Name a form of silverware—serving spoons, say. Margo Grant Walsh can show how designers have been interpreting it for the past century: by fluting or banding the handle or encrusting it with flora, or by scalloping or piercing or smoothing the bowl.

Walsh, the vice-chairman of a 2,000-person firm called Gensler that designs corporate interiors, is a born collector. "I love seeing the different solutions to similar design problems," Walsh says. "And I love researching manufacturers, techniques and traditions in different countries and eras—it's my one form of relaxation."

For the past 30 years, her main fixation has been silver. It all began when a client for a Goldman Sachs design project asked her to create a display case for a 17th-century silver pitcher. She realized she didn't know much about silver and plunged into a research project from which she has yet to emerge. Drawers in her Manhattan apartment are now stuffed with nearly 1,000 pieces of paper-wrapped silver, mostly flatware. Dozens of her larger treasures—candelabras, pitchers—sit on bookshelves.

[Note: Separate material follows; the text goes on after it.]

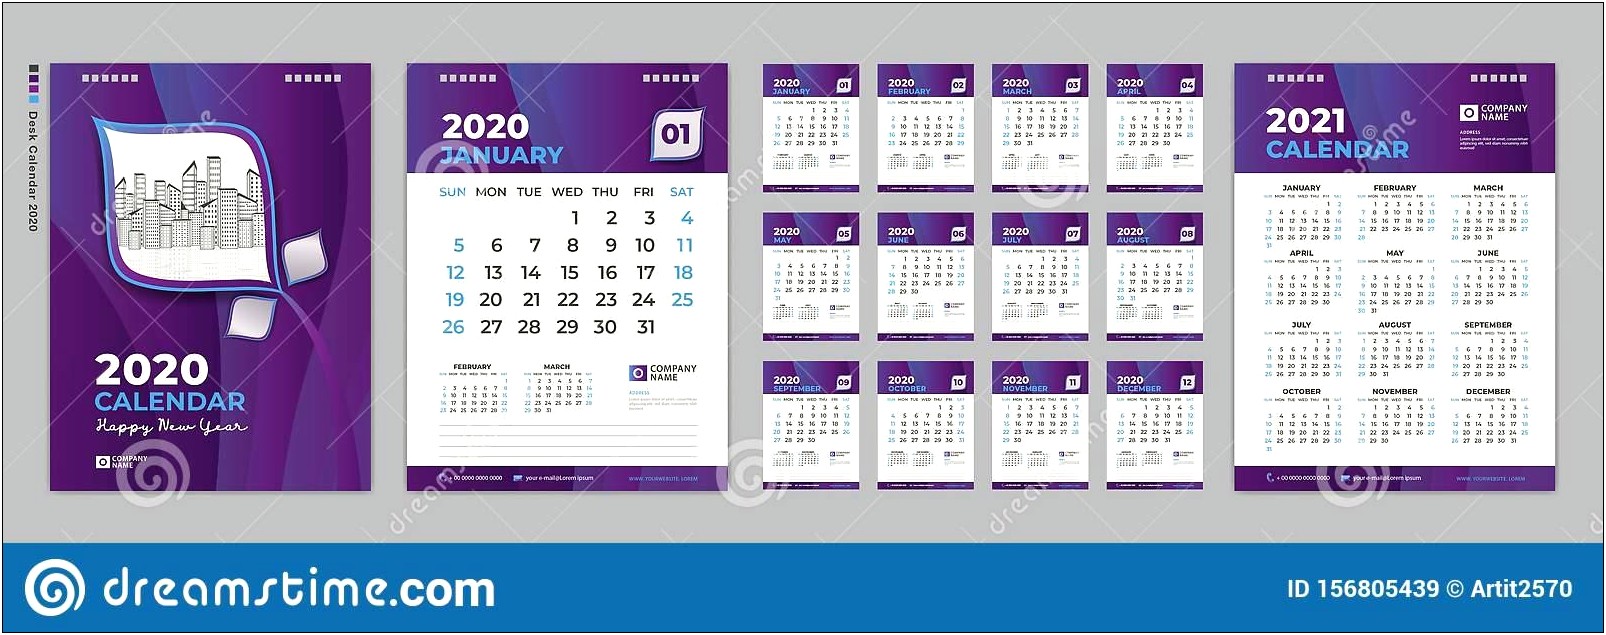 Free Calendar Template To Fill In
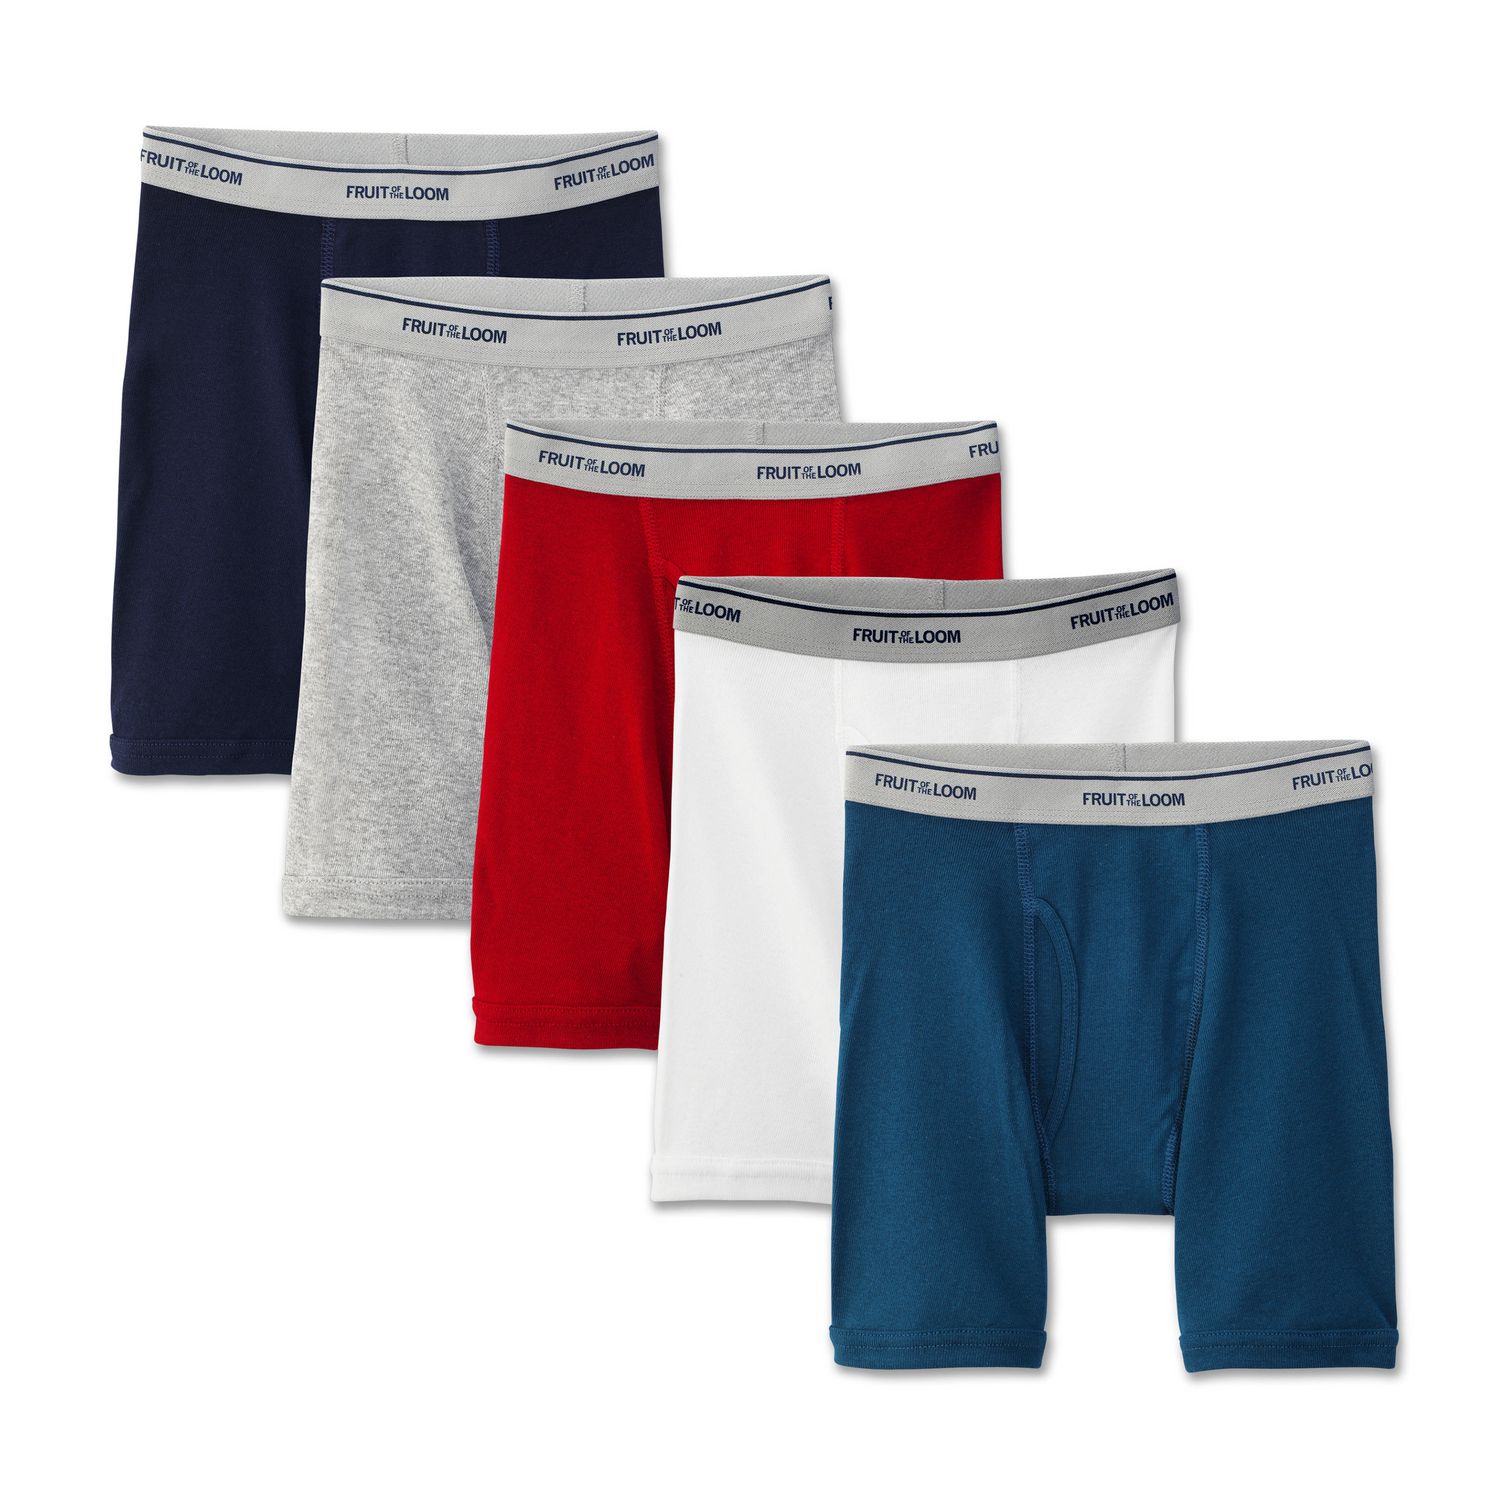 Fruit of the Loom Boys Boxer Briefs, 5-Pack

Walsh finds herself particularly drawn to silver from the Arts and Crafts movement. Most of her pieces were made between 1890 and 1910, by smiths reacting against the ornamental excesses of mass-produced Victorian metalwork. Arts and Crafts artisans subtly exaggerated rivets and hinges and lightly hammered surfaces to leave traces of their handcrafting.

Most of the items in Walsh's collection cost between $500 and $5,000 and have hallmarks of well-known Arts and Crafts silversmiths such as the Kalo Shop and Liberty & Co. Arts and Crafts silver is still undervalued, she says, because collectors of that style tend to prefer the more rustic look of copper. Walsh has also delved into midcentury Scandinavian design and contemporary British whimsies like gilded fish-scale cutlery.

Walsh is trying to clear space in her apartment: She's donated 250 items to the Portland Art Museum in Oregon. But she keeps buying more, from purveyors such as Nathan Horowicz Antiques in New York City; Ark Antiques in New Haven, Connecticut; and Hancocks & Co., London Silver Vaults and Van Den Bosch, all in London.